Regard this, reader, as a warcry — admittedly forged from laziness and worry, but fixed and full-throated nonetheless. Today I fly the flag of careless halves in the face of considered wholes. And to illustrate I tumble upwards to 3am, piling piece on piece and pomp on pomp, and leaving the job of sorting the resulting jumble not to the reader — I would never impose such a fruitless task upon those kind and loyal and peculiar enough to scan beneath the title — but to the universe. To hell with craft, he cries, thumping a weak paw on the contrived disorder of his desk; then, reciting the thinnest excuse of all, Life itself is a mess! Is it my/our job to sort existence and regurgitate it into a more intelligible — not to mention palatable — form, for those most afflicted by it, or am I simply to reflect it, to effectively say, Well, I don't know any more than you do, but it's a remarkable likeness, no?

My cry is a pose, of course, but a mess does have its virtues, even when the spectre of a tidier version casts its gloom.
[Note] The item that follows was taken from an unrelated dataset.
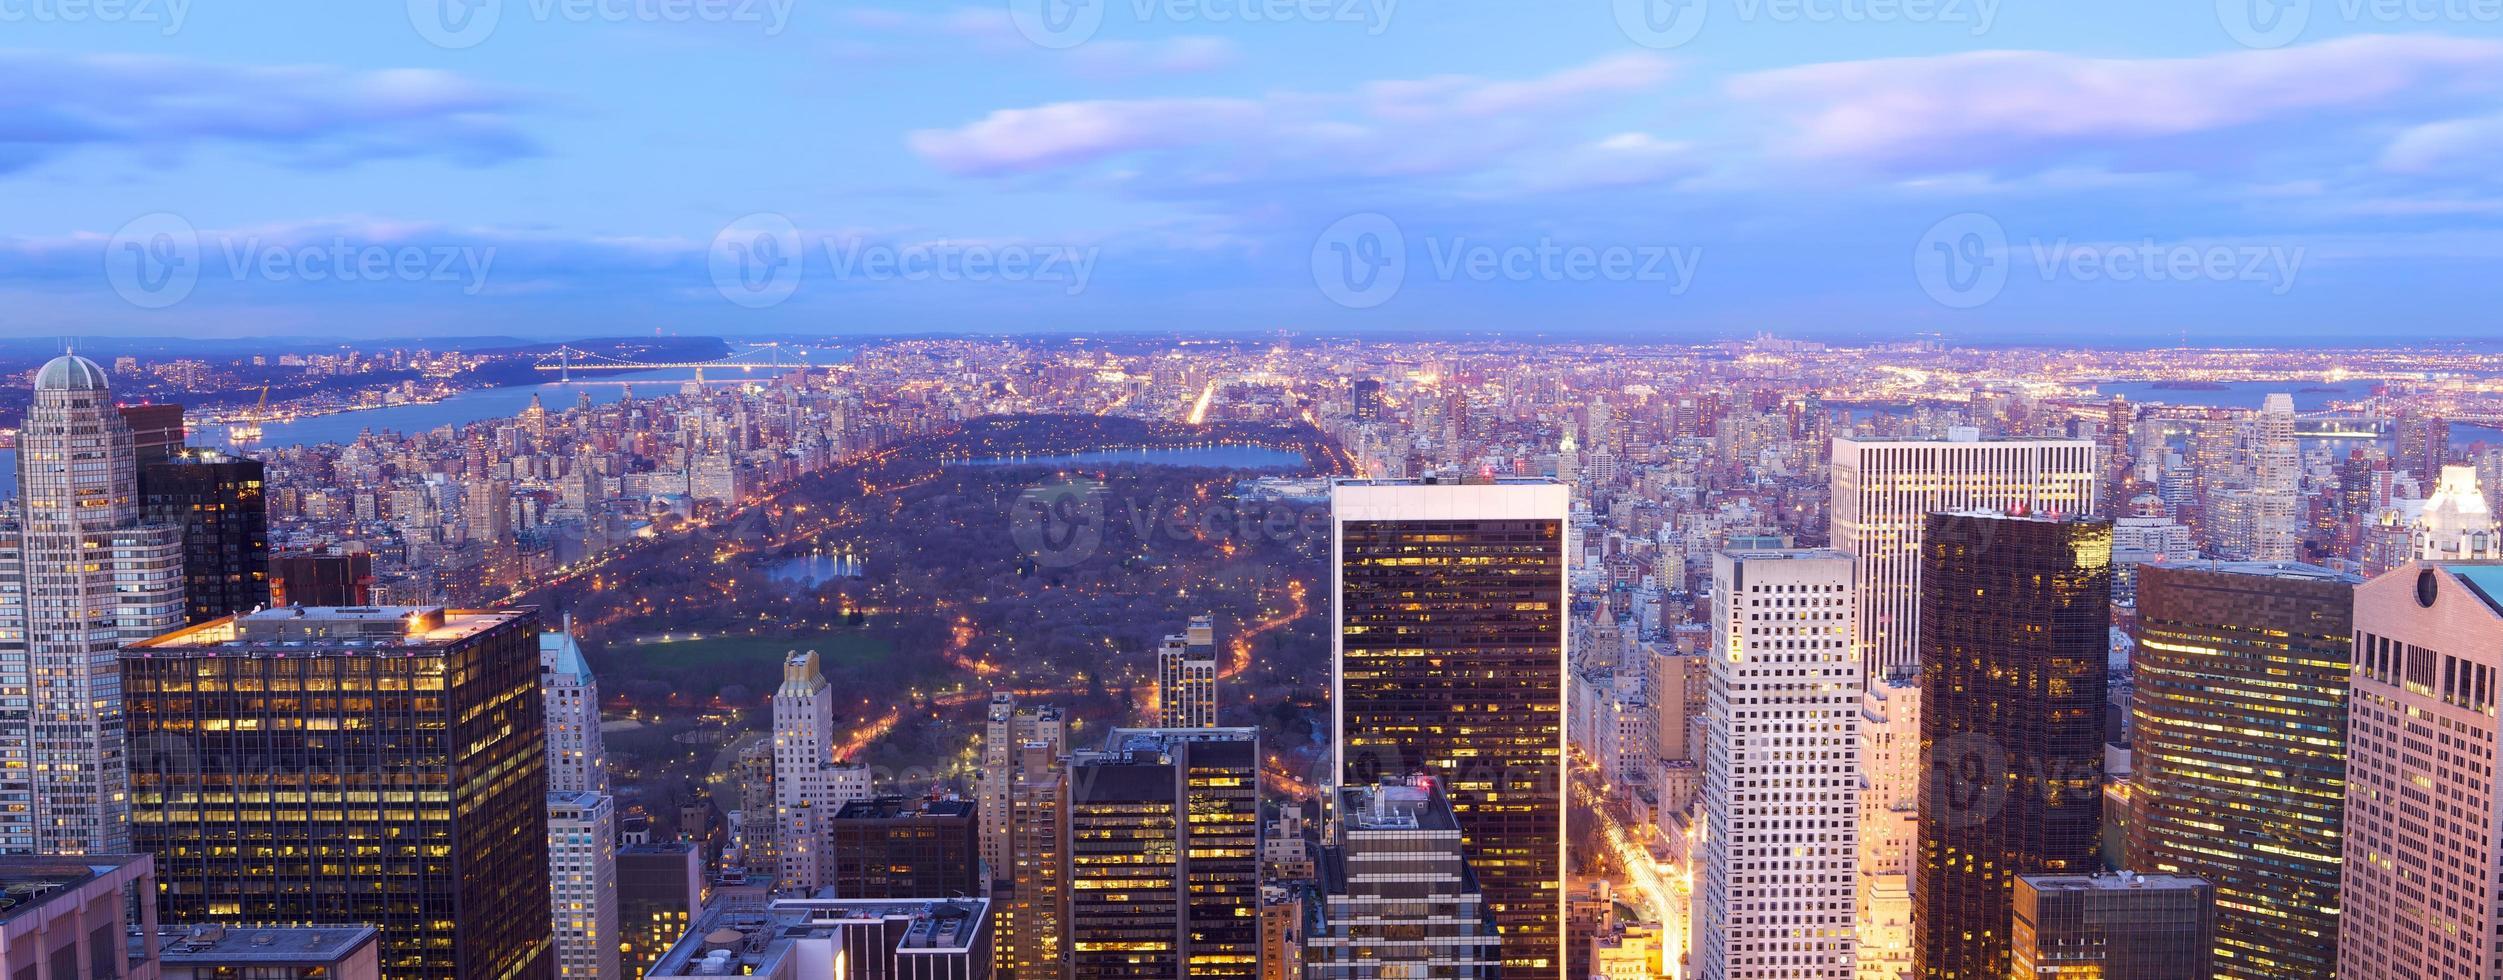 central park flygfoto panorama foto

Time spent refining could be time spent making more messes. And it is certainly easier this way, if only for the smallest party. But stifled potential does emit a uniquely foul stench, and it can be hard to focus when you discern the need for a few more drafts. Too often the Good gets lost in the What Could Be.

The Art Should Be Fun contingent are ready with the desperate-sounding but grain-of-truth-holding excuse that any ambition to create order out of what we might loosely term 'All this' is itself a fallacy; at least we — or they — are honest about that. Accompanying this view is the contention that art (no doubt refined to 'true art' in the face of contradiction) is not merely an argument told funny, nor is it a soft essay for those especially allergic to academic propositions. The delicate of disposition might well prefer such an alternative, but Art, they argue (adding the capital as they move in for the clincher), transcends. Ask of an essay what could be; ask of art what is. But calling upon the verb 'Transcend' is Patron 101 for escaping the threat of close inspection; in a critical context 'Transcend' becomes little more than a fancy substitute for "It's good, but I can't quite tell you why", but it's spongey enough to scare off would-be contrarians. The better defence, that of questioning the approach and relevance of the study of the arts, is forgotten in the haze.

It is noble, I believe, to curtail the excess of displaced theory, but noble it is not to contemn study for style — style in surface, that is, not service: suspended like a conjurer's tart and sporting an impeccable sheen, but about as transcendent as the same magic trick explained in diagram (TR is for Trope, but let me slip here). It is a funny fact of life that the effort in waxing in one corner roughly equates to the effort in working in the other, and the truly great proponents spin both plates indivisibly, putting the former most to shame. But the question of capacity does enter the picture. Do those who stick to chroming know their limitations, or are they merely too afraid to discover them? Most, I'm sure, would rather not answer that.

The ASBF camp has returned, this time with "Art is respite; life is for rubbing your nose in it." But the unfortunate truth is that this formulation is itself the formulation of those who have never had their noses rubbed in anything. Just as you have to have money before you can have contempt for it, you have to have had a truly wet beak before you can claim art exists elsewhere, and even then too many exemptions will loose the proverbial tin of bait. A suitable tome might be entitled 'Whither Frivolity?', and divide post-Auschwitz authors into cowards and noble failures. But then a suitable tome might also be 'Life From Above', where the silliest sit atop the pantheon and the soft essayists scowl indignant — and untranscedent.

What are we left with? Not enough to justify the question mark, that's for surtain. The H in Auden ain't exactly up to defending this stance by example. But if we can't counter the stinging print on its own terms — and we can't —, we can at least call on our youth, where it remains, and tell 'em to fold it five ways and put it where the moon don't shine.